Paul may have been exhausted, both spiritually and physically, when he disembarked in Corinth. Graciously, the Spirit intervened and introduced Paul to a Jewish couple, Aquila and Priscilla.* They owned a tentmaking business in the poor working-class district of the wealthy city and became two of Paul’s closest friends.
Paul spent eighteen months in Corinth, teaching in the synagogue, working alongside his new friends, and establishing a church. Some Jews opposed his work, as they did in every city the apostle visited, but many Corinthians responded to the gospel, including Aquila and Priscilla.
When Paul left Corinth and traveled to Ephesus, Aquila and Priscilla accompanied him. When he returned to Jerusalem, they stayed in Ephesus to minister in the church there.
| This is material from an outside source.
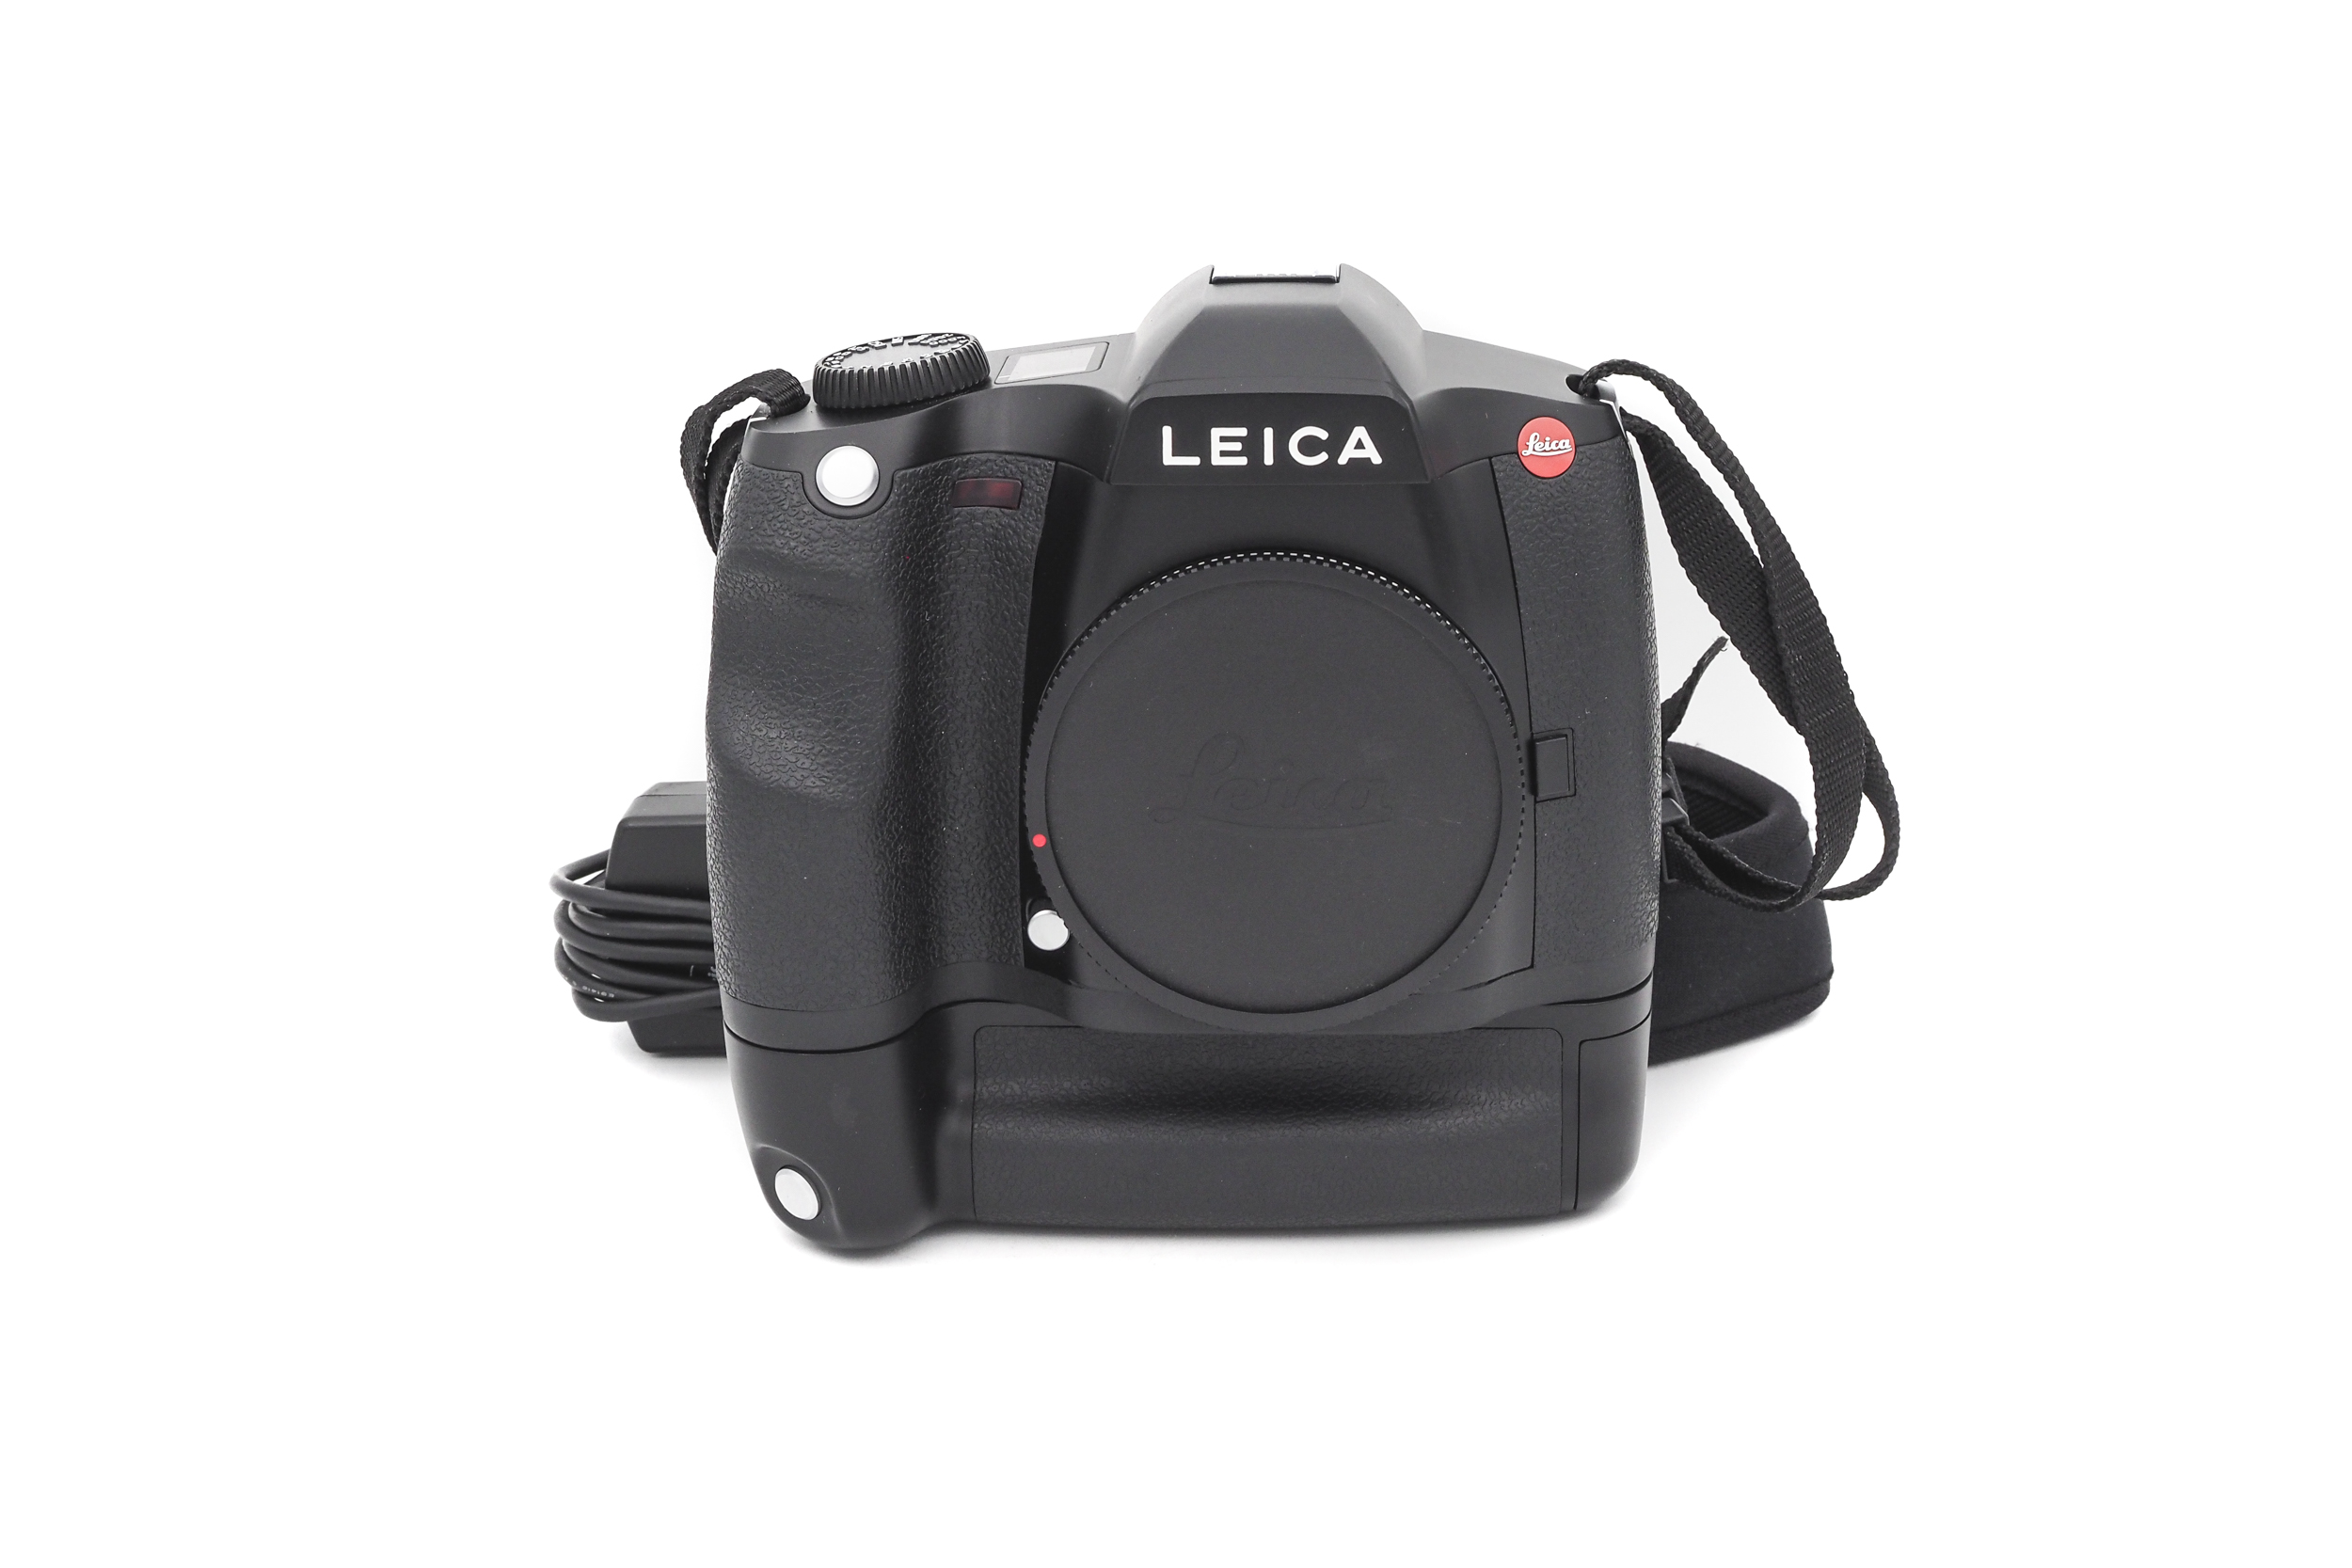 Leica S2 inkl. Multifunction Handgrip S

At some point they returned to Rome and worked in that church (Romans 16:3). Later, they came back to Ephesus to help Timothy (2 Timothy 4:19).
The scriptural snapshots of Aquila and Priscilla indicate that they ministered faithfully in every church to which they belonged. They were the extra hands and feet for more celebrated New Testament Christians such as Paul and the other apostles. The couple labored with grace and diligence, with humility and integrity. Not only did Paul owe them an unpayable debt—they “risked their lives for me”—but he also said that every Gentile church owed them a debt of gratitude.
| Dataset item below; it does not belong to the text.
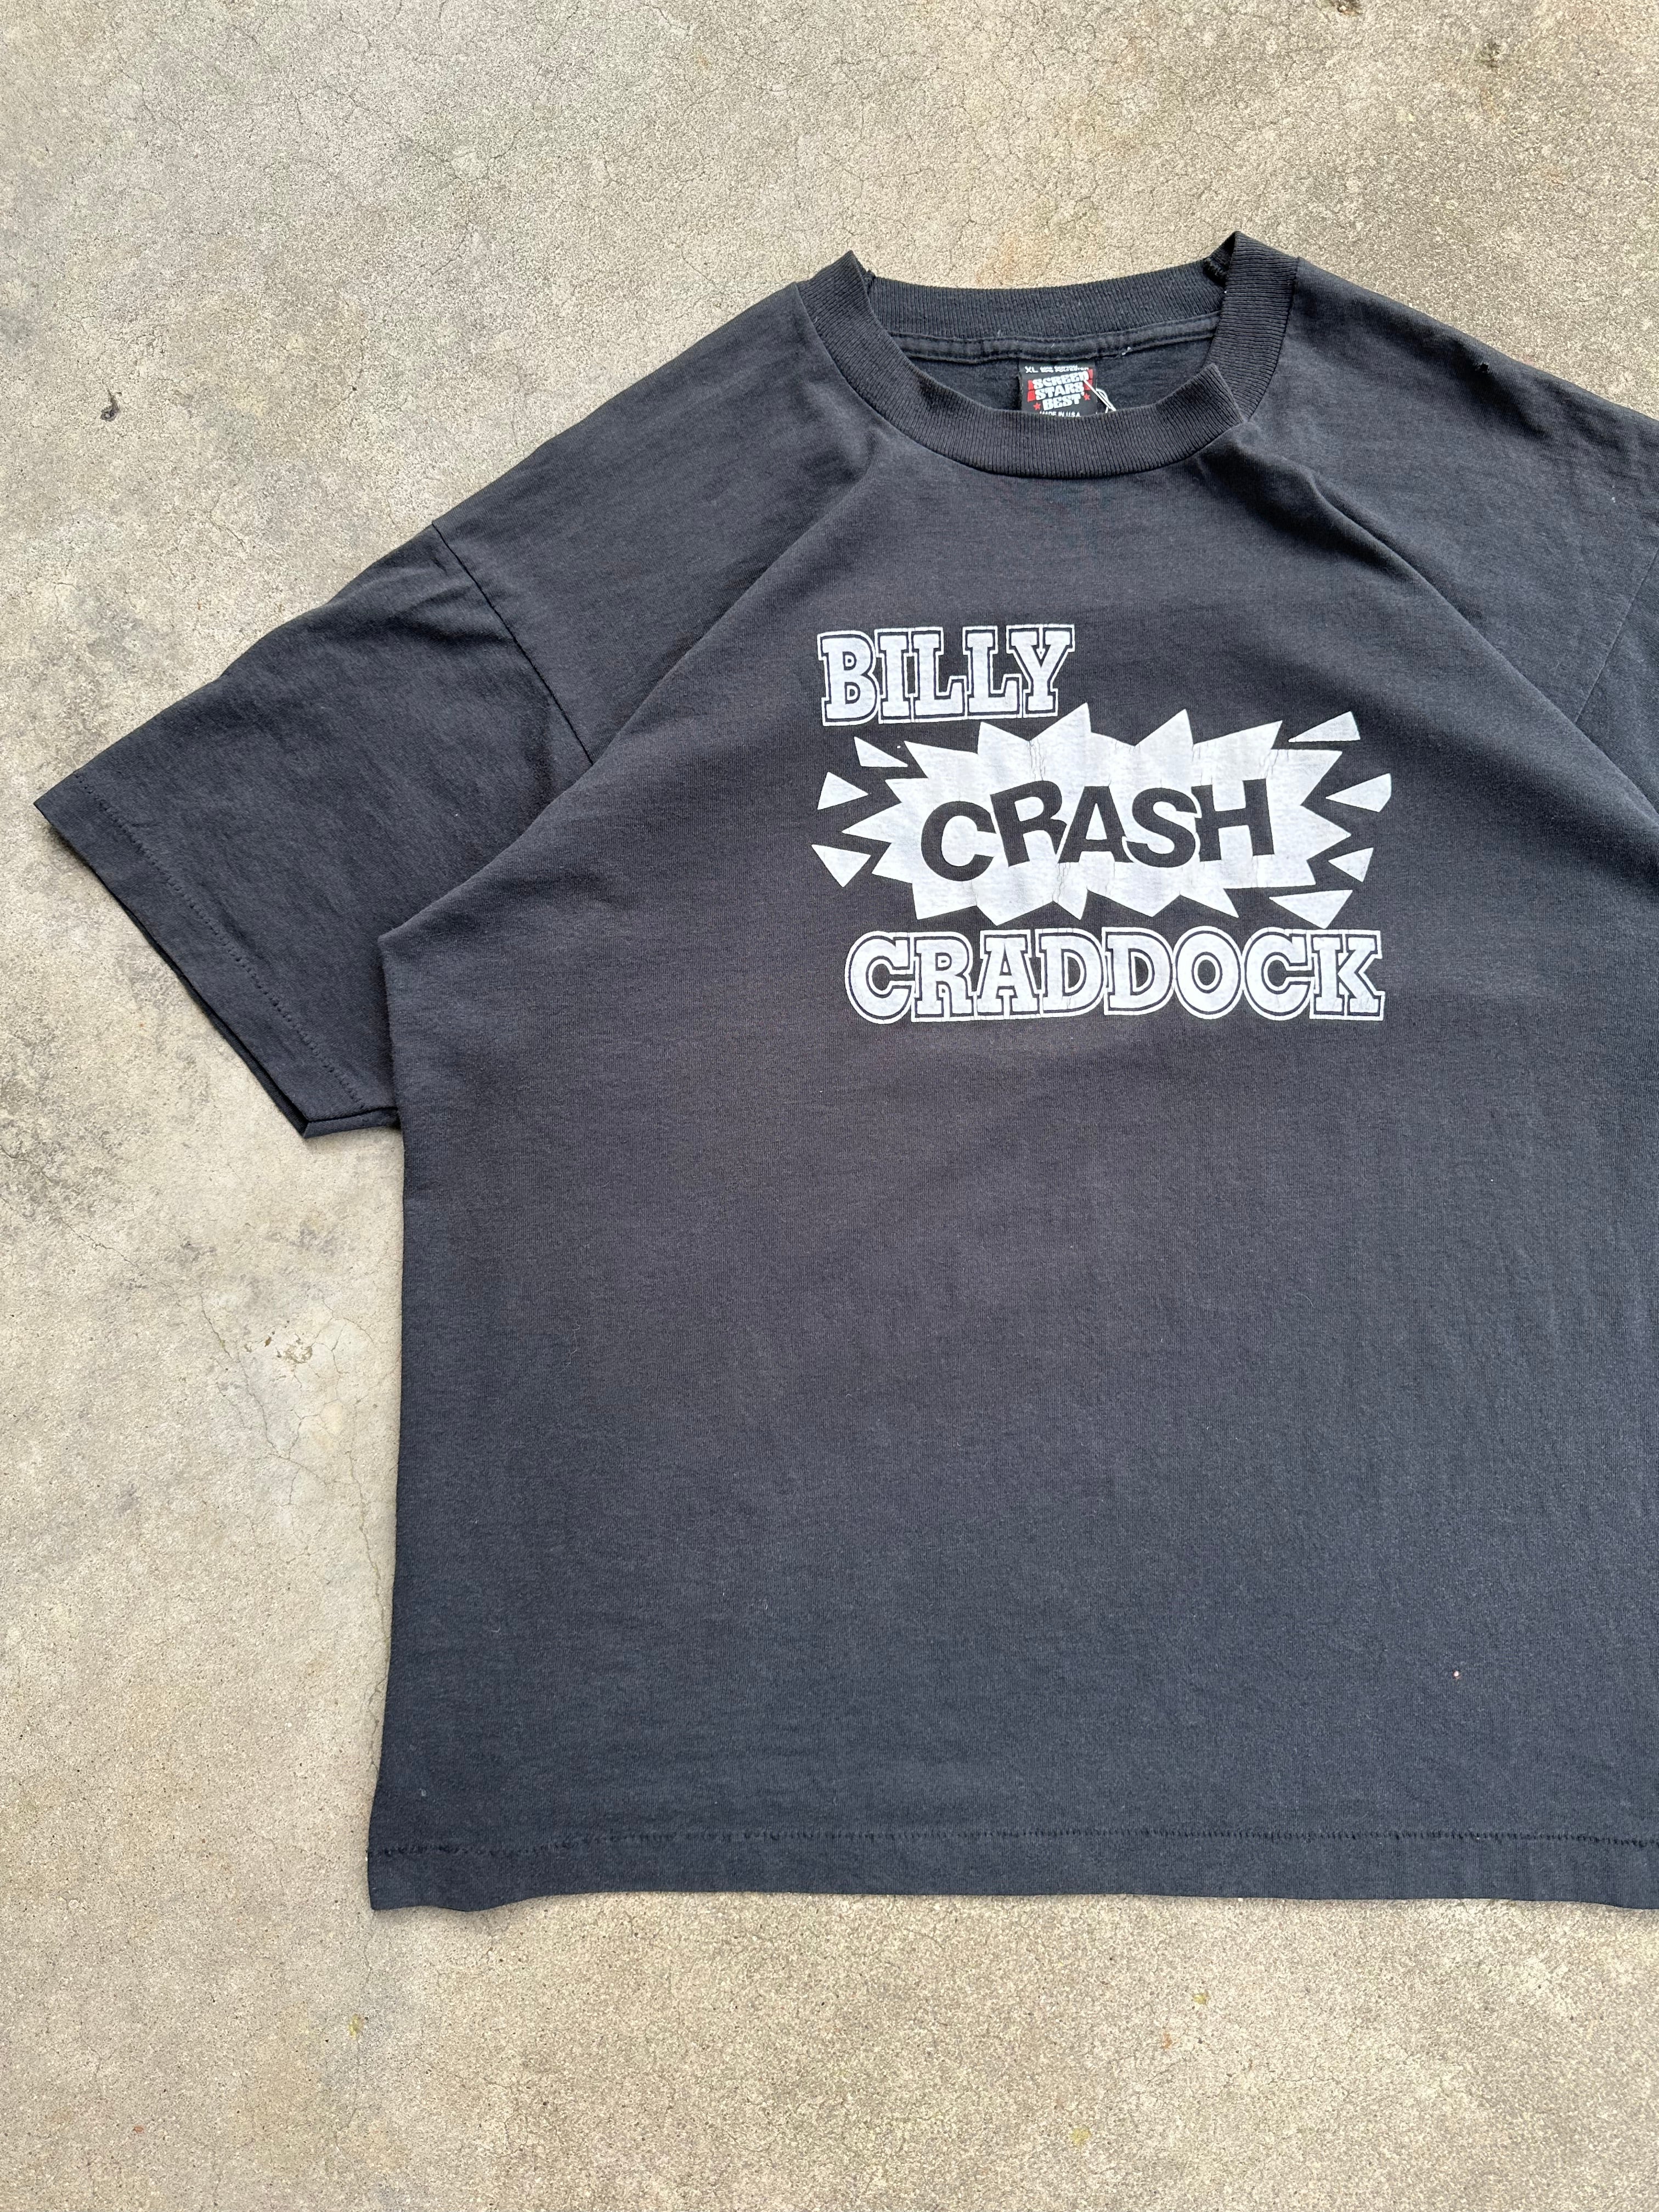 1990s Billy Crash Craddock T-Shirt (L/XL)

For every Paul God calls, there are dozens of Aquilas and Priscillas—faithful friends who make it possible for the Pauls to do their work effectively. Who is the Paul in your church? How can you support them? Who are the Aquilas and Priscillas in your church? How can you express your gratitude to them?
Read Acts 18:24–27. In what ways did Aquila and Priscilla minister to Apollos? What does this passage teach us about biblical friendship?
Read 1 Timothy 4:11–16. What advice did Paul give Timothy? Based on the Acts 18 passage above, how do you think Aquila and Priscilla supported Timothy?
Read 1 Thessalonians 5:12–24. How can we support other Christians in our circle of influence? Pray that God will show you how to be a better Priscilla or Aquila.
Denise K. Loock
This devotion is part of our series, Not-As-Famous Men and Women of the Bible.
*Unger’s Bible Dictionary says that Aquila and Priscilla fled “from Rome in consequence of an order of Claudius commanding all Jews to leave that city” (p. 90). Apparently that order was later rescinded because Aquila and Priscilla returned to Rome (Romans 16:3-5).